1. Introduction
Inflammation of the prepatellar bursa is a common condition, especially in males. It is typically caused by repetitive injury and often seen in patients whose occupation involves kneeling. It is referred to by various eponymous names such as clergyman’s knee and housemaid’s knee. Acute inflammation can settle with the well-established nonoperative treatment algorithm of rest, ice, activity limitation, and anti-inflammatories [1].

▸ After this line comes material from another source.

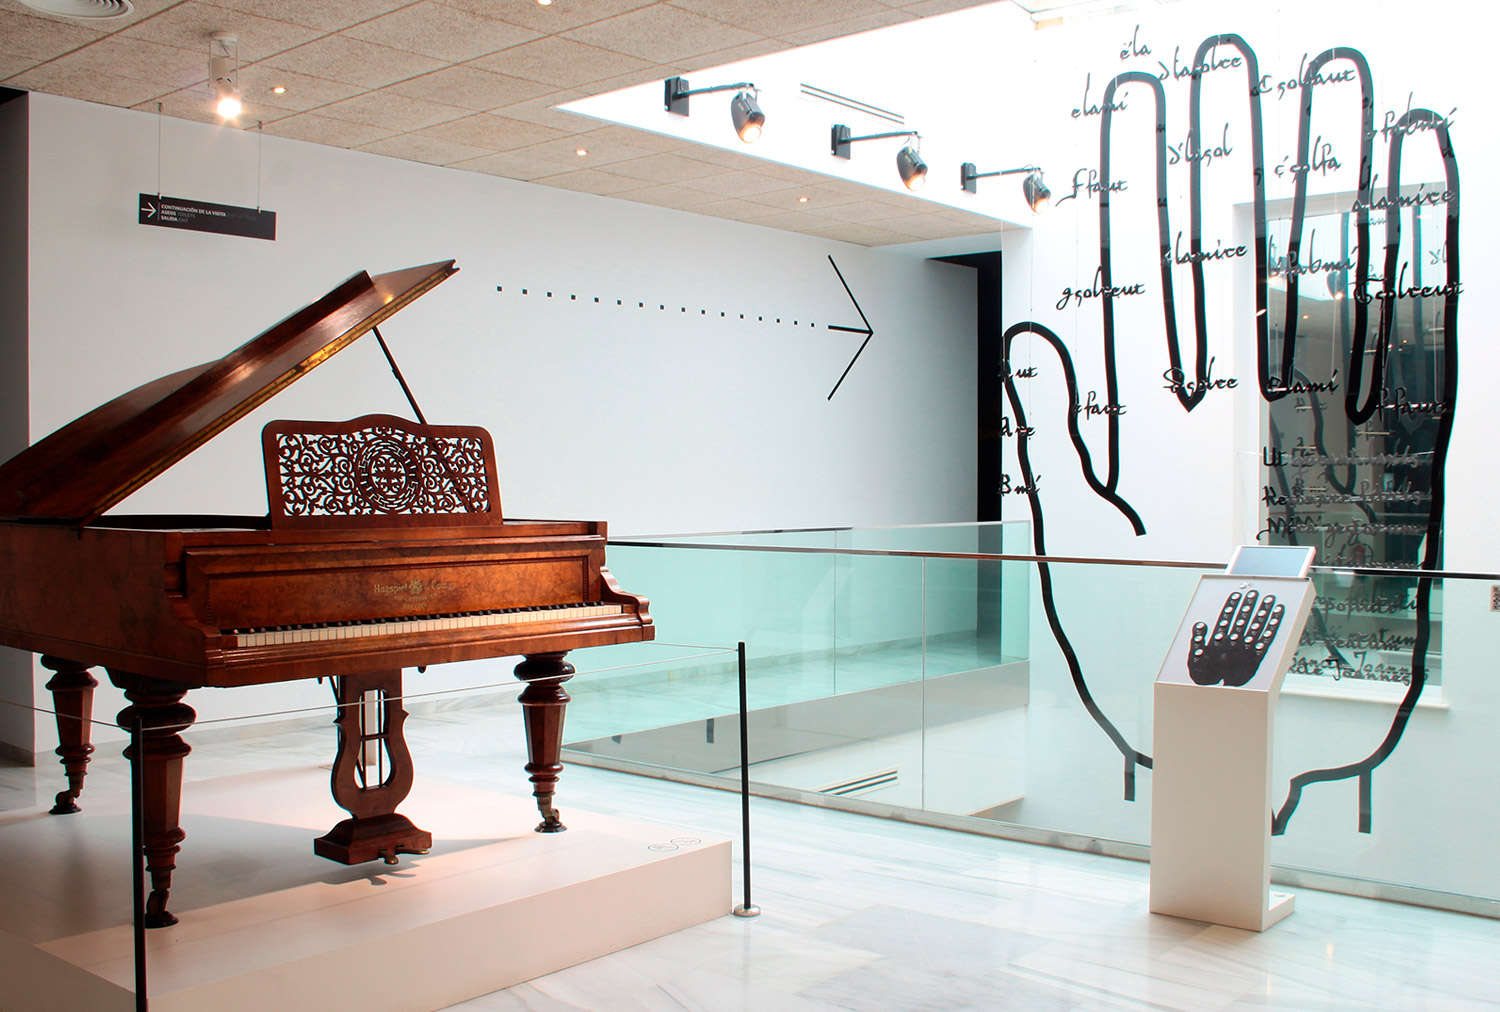 MIMMA Museo Interactivo de la Música Entorno Hotel Palacete de Álamos Málaga

Inflammation can however become chronic with the swelling becoming large and problematic. Surgical intervention is reserved for severe refractory cases. Open and endoscopic bursectomy procedures have been described [2–4]. Most of the techniques described in the literature are focused on septic prepatellar and olecranon bursitis. Recurrence rates have been reported as high as 20%. Complications of the open approach include wound haematoma, scar tenderness, damage to the infrapatellar branch of the saphenous nerve, seroma formation, and skin necrosis [5–7]. Endoscopic procedures are performed through multiple portals and can be effective in terms of postoperative recovery and cosmesis. However, the complication of recurrence remains due to inadequate excision of the bursal tissue [8]. There is also a risk of damage to the patellar tendon [9].
Surgical excision can place the skin overlying the knee at risk of vascular compromise as the anterior wall of the bursa is usually adherent to the skin. One way to reduce this risk is to excise posterior wall only but risk of recurrence still remains [10].
We present a successful 2-stage open technique using negative pressure dressings for a large chronic prepatellar bursitis.
2. Case Report
A 62-year-old joiner presented with 2-year history of a painless swelling over his right knee. It was occasionally tender to kneel on; however, it was the large size of the lesion that was his main problem (Figure 1). It was smooth and fluctuant. He had no limitation in knee movement. Plain radiographs did not show any bony abnormality.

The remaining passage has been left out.